Well, I am a bit embarrassed to tell you but I am practicing on old fence wood. I got it free after hurricane Ike tore them all down. I am going to go buy some wood I just wanted to practice on something free to get a handle on how the router feels. 

The bit is from Leighs. It (they) came with the Leigh Jig. I got the Leigh D1600 from a really great guy at the Creek. I do need to hear those things about burnt bits and all though. I am very new to this and have no training. I am motivated though. Just not a lot of cash.

I am practicing on boxes at the moment. I am thinking of buying some red oak and some popular to continue to practice. I want to sell boxes, trays, and book shelves. Stuff like that.


----------



## Al Robins (Jul 13, 2009)

Hey Michael....Good idea practicing on an old fence post, and yes, I have made some pretty good stuff from the pieces!
But,,,if you want to see tear out...just with a straight bit...go to my post ..."Bad Day At...bla bla..." .................AL


----------



## dutchman 46 (May 23, 2007)

That is a very good way to practice! It was just a bit hard to Analise with out that info. Don't be embarrass, It's the best way to learn. When in dought, always ask. I think that You will be better able to watch for those type problems than the person who goes to the stock, and is then scared to try the process over again. You have done exactly what I would


----------



## istracpsboss (Sep 14, 2008)

Hi Michael

Try putting some thin material behind the material that you want to rout. The tearout will then just be in the waste thin material.

HTH

Peter


----------



## RJM (Apr 11, 2010)

mjdtexan said:


> So, I have a decent handle on the dovetail jig but I have issues with tear out. If it were a little I wouldnt mind. Any ideas on how to reduce or eliminate tear-out while performing this operation?


For the tails, you can use a straight bit to remove most of the material, then switch to the dovetail bit. Take several small cuts with the straight bit. Do the same for the pins (several small cuts).


----------



## NBeener (Oct 11, 2010)

[new, here. Will have to introduce myself, soon ]

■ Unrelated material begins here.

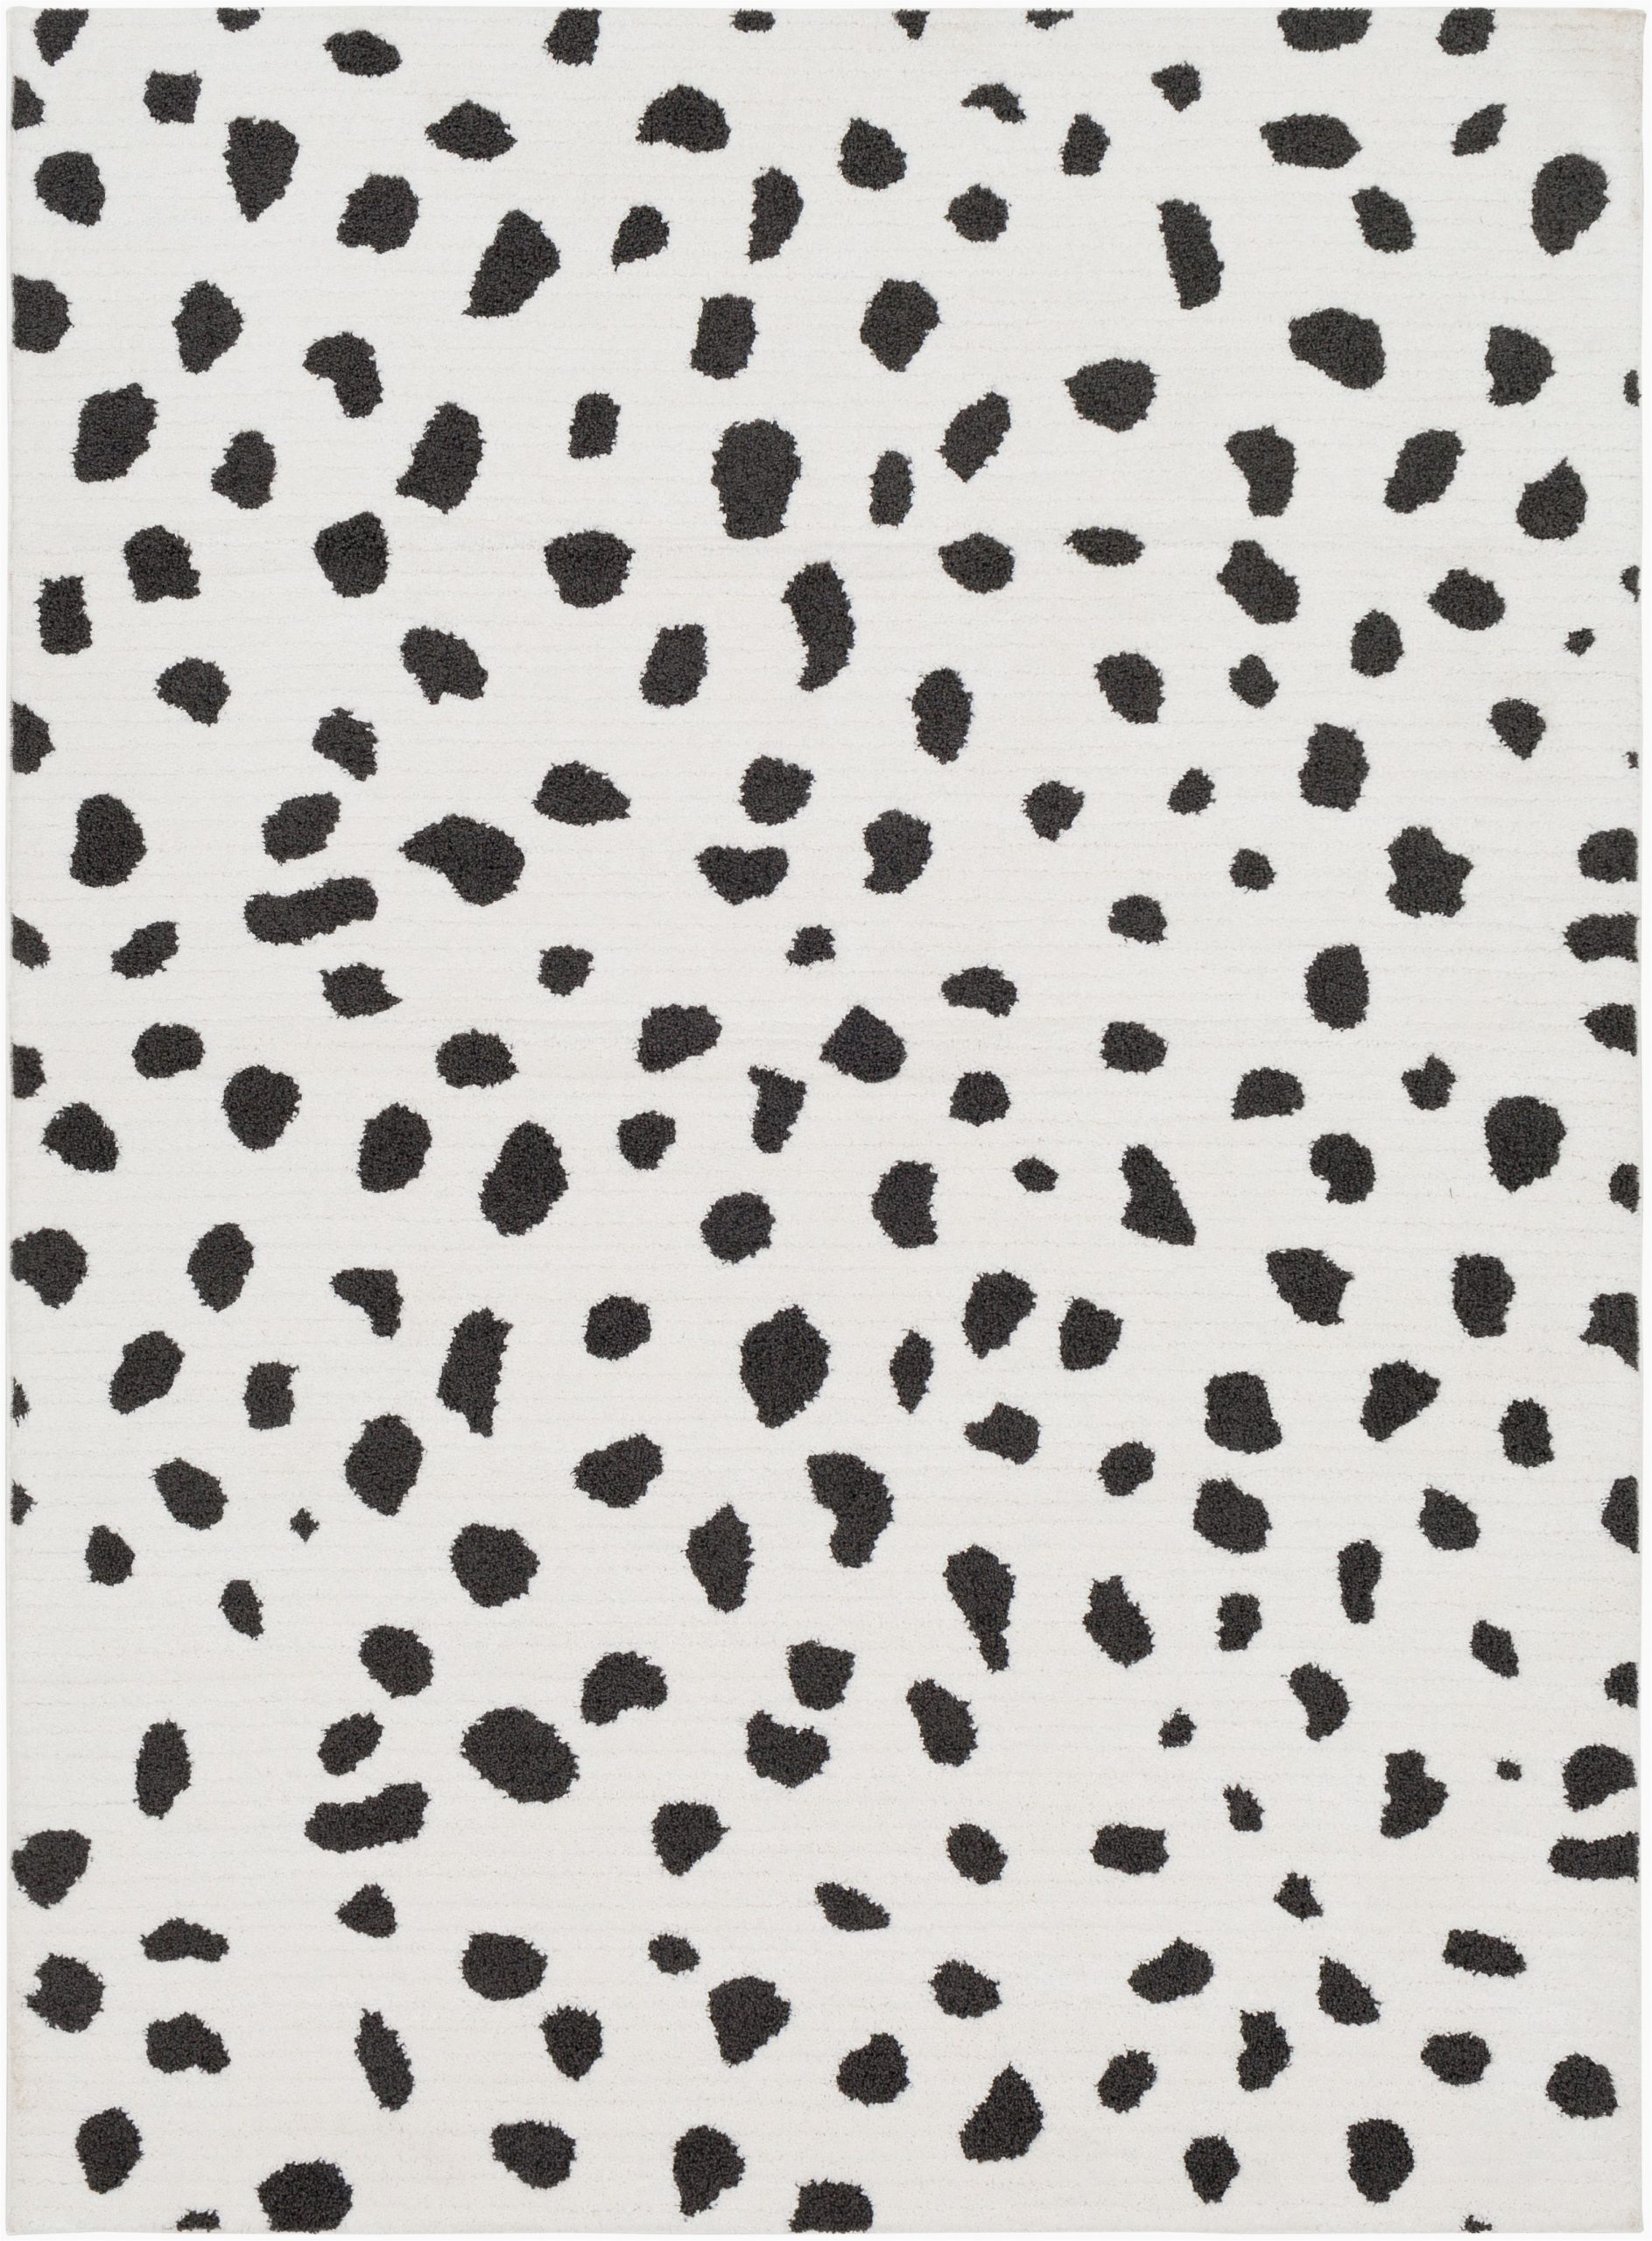 Black and White Polka Dot area Rug Home Accents Moroccan Shag 2 X 3 Rug Black White In 2020

Some people suggest that climb-cutting reduces tear-out.

Others have suggested scoring a cut line (with, say, a utility knife) along the bottom edge of your dovetails.

I'm generally pretty okay, except for the occasional obnoxious piece of Baltic Birch ply. I find that liberal swearing usually helps, in that case


----------



## WmTmpkins (Oct 7, 2010)

I have used my Leigh jig once.... easier on a CNC.


----------



## mjdtexan (Dec 31, 2008)

WmTmpkins said:


> I have used my Leigh jig once.... easier on a CNC.

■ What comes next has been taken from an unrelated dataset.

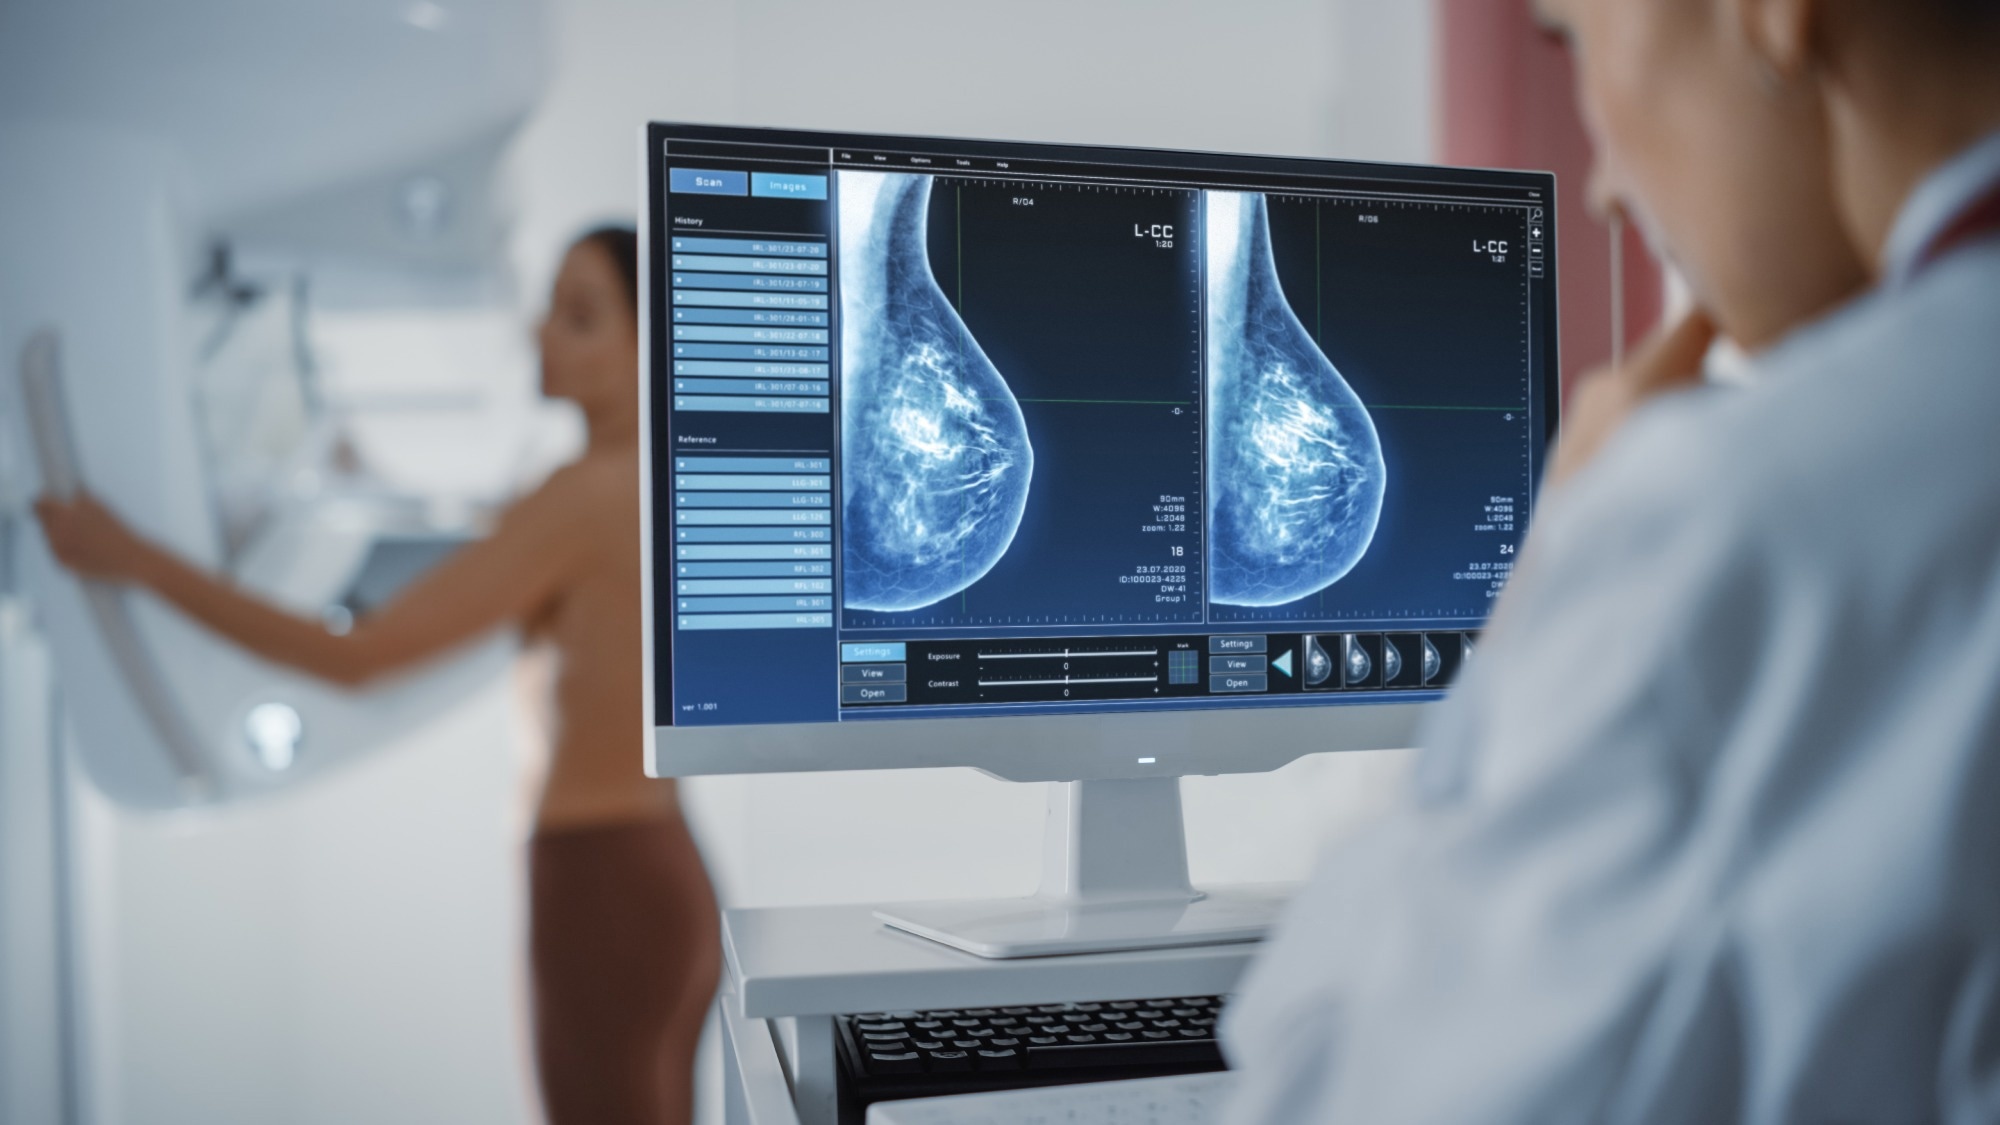 Study: Omitting Radiotherapy after Breast-Conserving Surgery in Luminal A Breast Cancer. Image Credit: Gorodenkoff/Shutterstock.com

Thats cool, however, I suspect that CNC machines are expensive and you need the knowledge to program one. I am just guessing at that though. I am.

Sometime today I am going to ask how to get those professional looking finger holds int he sides of Langstroth beehives. I am.


----------



## dutchman 46 (May 23, 2007)

Have You got to the good wood You were going to use? Curious as to how everything went. Where cost is involved, I have to watch myself like a hawk!! It would be easy to get a little better tools, and things like that. Being retired, and disabled, I can feel the pain that folks go through. I hope all goes well, or went well!


----------



## mjdtexan (Dec 31, 2008)

dutchman 46 said:


> Have You got to the good wood You were going to use? Curious as to how everything went. Where cost is involved, I have to watch myself like a hawk!! It would be easy to get a little better tools, and things like that. Being retired, and disabled, I can feel the pain that folks go through. I hope all goes well, or went well!


I went to a sawmill and bought pine. It is a LOT better than the boxstore pine and a lot cheaper too. I did buy some walnut but I have not used it yet. I think I am going to get more practice before I start on hardwood. I will buy some though every time I visit the lumbermill. I like mesquite a lot.


----------



## Jim Rimmer (Oct 21, 2010)

Two things that might help:

1. Use a backer board. I usually put one the same thickness and width of the piece I am routing.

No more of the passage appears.